More broadly, it’s the systemic impact of this alliance that captures attention. Several voices are rising to denounce a risk of excessive concentration. One of the main AI infrastructure providers is financially allying with one of the main model developers, which could distort competitive dynamics. Antitrust analysts are already concerned about market lock-in effects. If OpenAI benefits from privileged access to Nvidia’s latest innovations, what remains for competitors?
The question of regulation will quickly arise.
The agreement could be closely scrutinized by American, but also European, authorities. The European Commission, which has recently adopted a more proactive position on technology market oversight, could open an investigation into this alliance’s effects on competitive balance.
The geopolitical context adds an additional dimension. In the midst of the chip war between the United States and China, this massive investment in the AI infrastructure of an American actor consolidates Western technological dominance. But it could also trigger retaliatory measures or export restrictions. The global race for artificial intelligence now passes through the control of computing power. In this sense, this partnership carries signal value.

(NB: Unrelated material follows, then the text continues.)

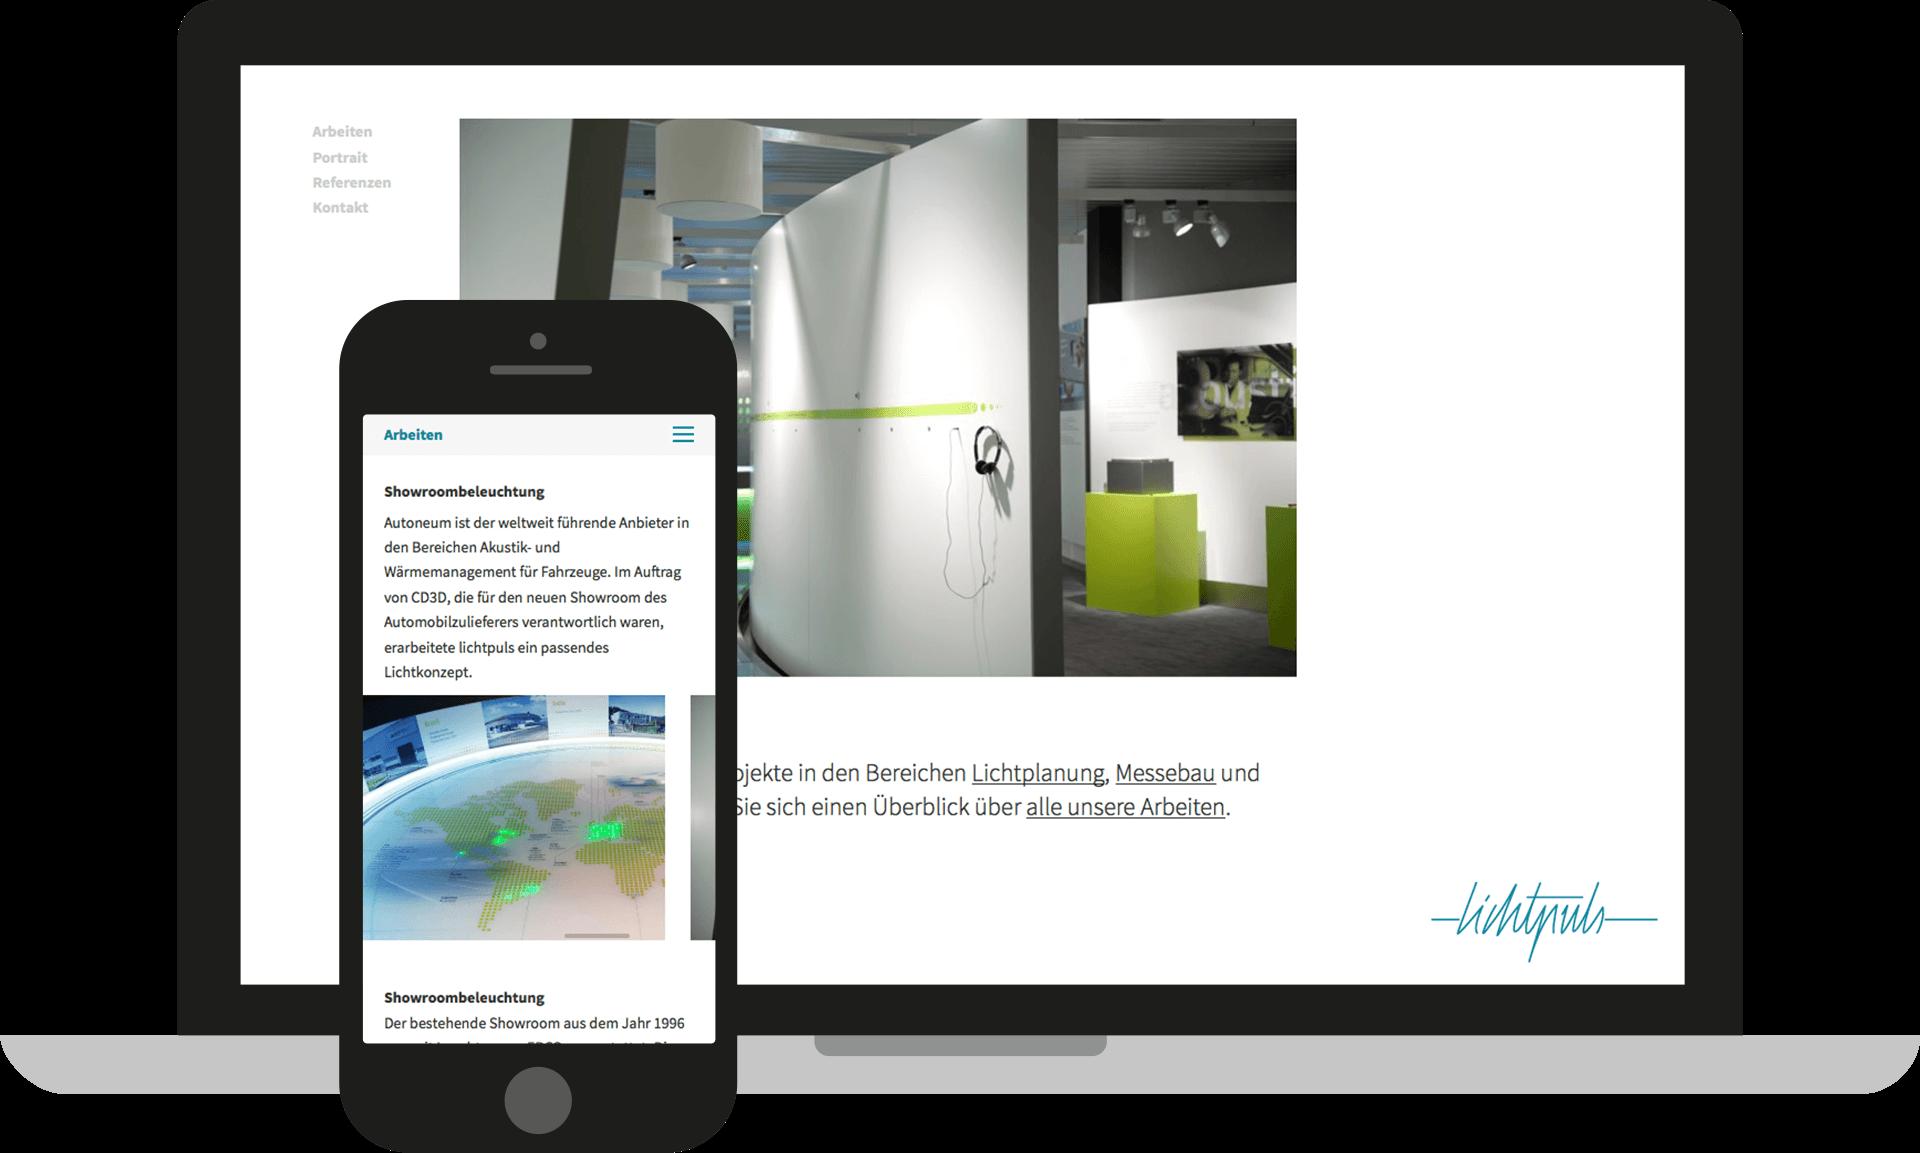 lichtpuls Website bietet optimale Darstellung auf verschiedenen Bildschirmgrößen und Mobilgeräten

Another risk pointed out by observers relates to the economic model’s circularity. Nvidia invests in OpenAI, which then purchases equipment from Nvidia. Some see this as a form of “self-referential capitalism,” where financial flows no longer correspond to external value creation, but to internal recycling within the duopoly. This model could reinforce sector volatility and increase systemic risks in case of sharp reversal.
Finally, the question of technological sovereignty remains unresolved. For Europe, the Nvidia–OpenAI agreement illustrates the difficulty of creating a credible alternative to American giants. No European company is currently able to offer an equivalent to this alliance, either in hardware or software. Strategic dependence intensifies, and with it the structural vulnerabilities of the European ecosystem.
If the operation materializes in full, it will give birth to computing capacity of over 10 gigawatts, equivalent to several dozen next-generation data centers. This level of power will allow OpenAI to launch even more massive models, equipped with real-time inference capabilities on a planetary scale. We’re entering an era of artificial intelligence industrialization, where each actor must master not only the algorithm, but also infrastructure and capital.
In this logic, OpenAI pursues its diversification strategy. The partnership with Nvidia complements ongoing projects with other key actors like Oracle or SoftBank, within the Stargate program framework. This isn’t a single pivot, but a complex network of relationships aimed at building a global, resilient, distributed, and energy-intensive infrastructure.
Several scenarios emerge. If the partnership is well executed, Nvidia could establish itself as the central pillar of the coming cognitive economy, while OpenAI would become the dominant actor in producing generalist models. But if regulatory constraints accumulate, or if returns on investment fall short, a redefinition of scope could be necessary. The path is ambitious, but fraught with uncertainties.
In all cases, this massive commitment opens a new chapter. It seals the growing interdependence between computing power, investment capital, and strategic direction of artificial intelligence. Nvidia no longer merely supplies tools: it invites itself to the heart of the game. And OpenAI, far from being an isolated laboratory, becomes the catalyst of a new globalized technological order.